Thomas rose to prominence in British gymnastics when he won the British all-around title in 2008. Floor is his best event, and during his Senior career he has won several silver medals on floor in International competitions. At the 2009 World Artistic Gymnastics Championships in London, he placed 6th in the All-Around. He was also part of the British men's team that represented Great Britain at the 2010 World Artistic Gymnastics Championships in Rotterdam and the 2011 World Artistic Gymnastics Championships in Tokyo.

After the men's team initially failed to qualify for the 2012 Summer Olympics in London, Thomas gave a solid performance at the London Prepares FIG Olympic Test event. The men's team qualified more than 7 points ahead of the silver medal team, France, and Thomas placed 2nd in the All-Around behind teammate Daniel Purvis, as well as qualifying to several finals. In the finals he won a Bronze on Floor, Bronze on Vault and Gold on High Bar.

===2012 and 2013===
====Summer Olympics in London====
At the London Olympics, Thomas was part of the bronze medal-winning GB men's team, competing on 30 July 2012 at the North Greenwich Arena .

In this team final, he vaulted with a massive score of 16.550.

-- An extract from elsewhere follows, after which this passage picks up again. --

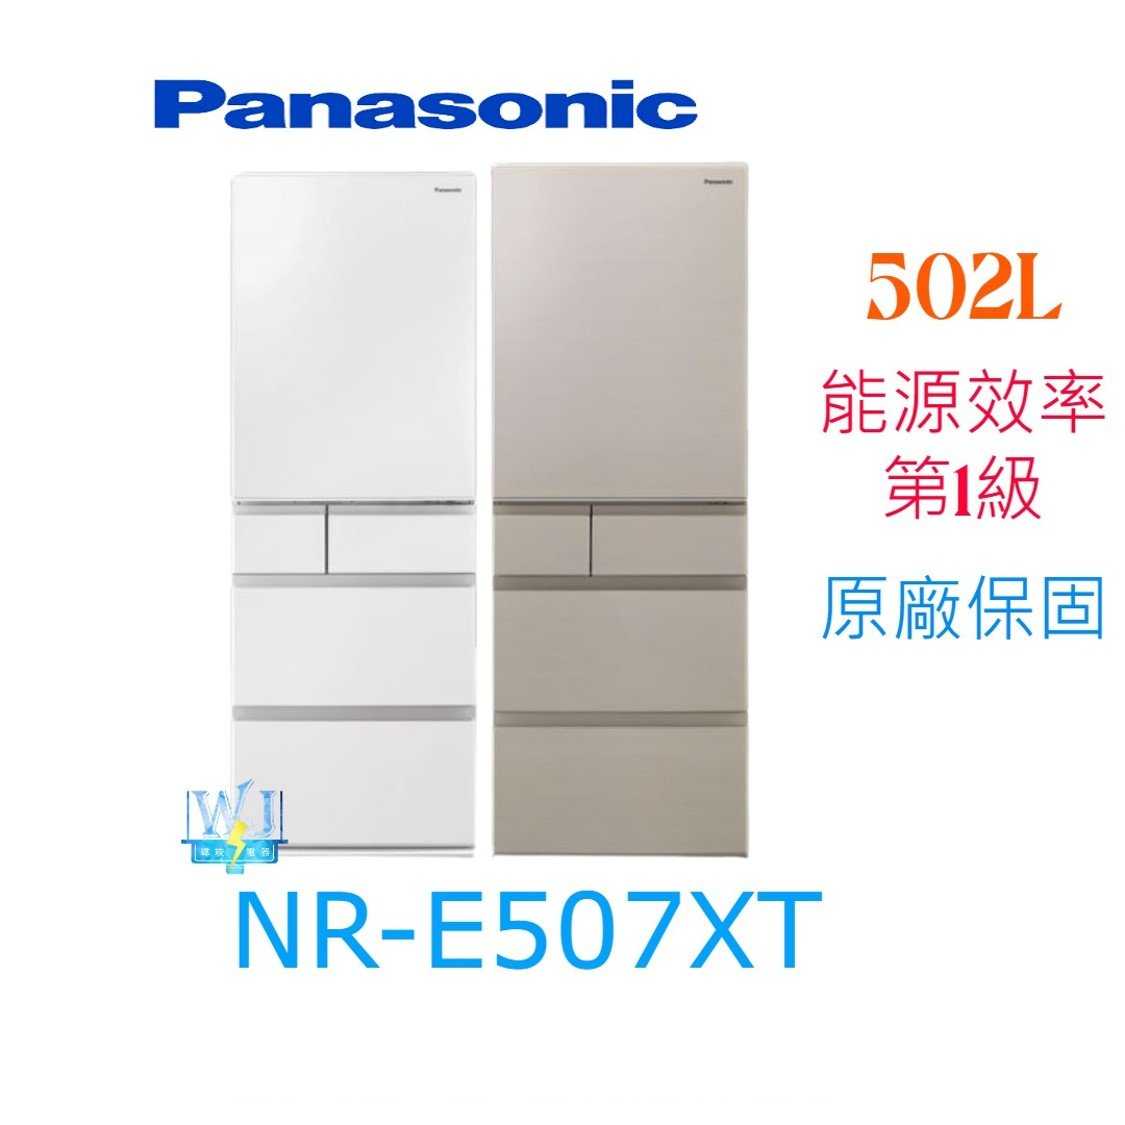 【暐竣電器】Panasonic國際牌 NR-E507XT 日本製 五門電冰箱 NRE507XT 窄版變頻冰箱

In October, 2013, Thomas competed at the 2013 World Artistic Gymnastics Championships in Antwerp, Belgium. In the vault final, he won the bronze with the score of 15.233, behind Yang Hak-Seon and Steven Legendre.

===2014===
====European Championships====
On May 19–25, 2014, at the 2014 European Championships in Sofia. Thomas, along with his teammates Daniel Keatings, Daniel Purvis, Max Whitlock, and Sam Oldham, won Team Great Britain the silver medal behind Russia with a total score of 262.087 points. In event finals, Thomas won the bronze medal in high bar (14.808) behind teammate Sam Oldham.

====Commonwealth Games====
In July and August, at the 2014 Commonwealth Games held in Glasgow, Thomas contributed a score of 58.599 for the England team and won gold. He qualified for the vault final with a score of 15.100, and also finished in 8th in the Floor final. With a score of 15.033, he also qualified for the Horizontal bar final. He won silver for vault with a score of 14.499, coming behind Canadian gymnast Scott Morgan. Thomas scored 14.966 on Horizontal Bar, matching teammate Nile Wilson's score, but scoring lower on execution to win silver.

On 19 October 2017, Kristian announced his retirement from gymnastics.

==Post-gymnastics career==
In January 2022, Thomas became the Player Care & Engagement Manager at the Premier League. In October 2022, Thomas ran the 2022 London Marathon.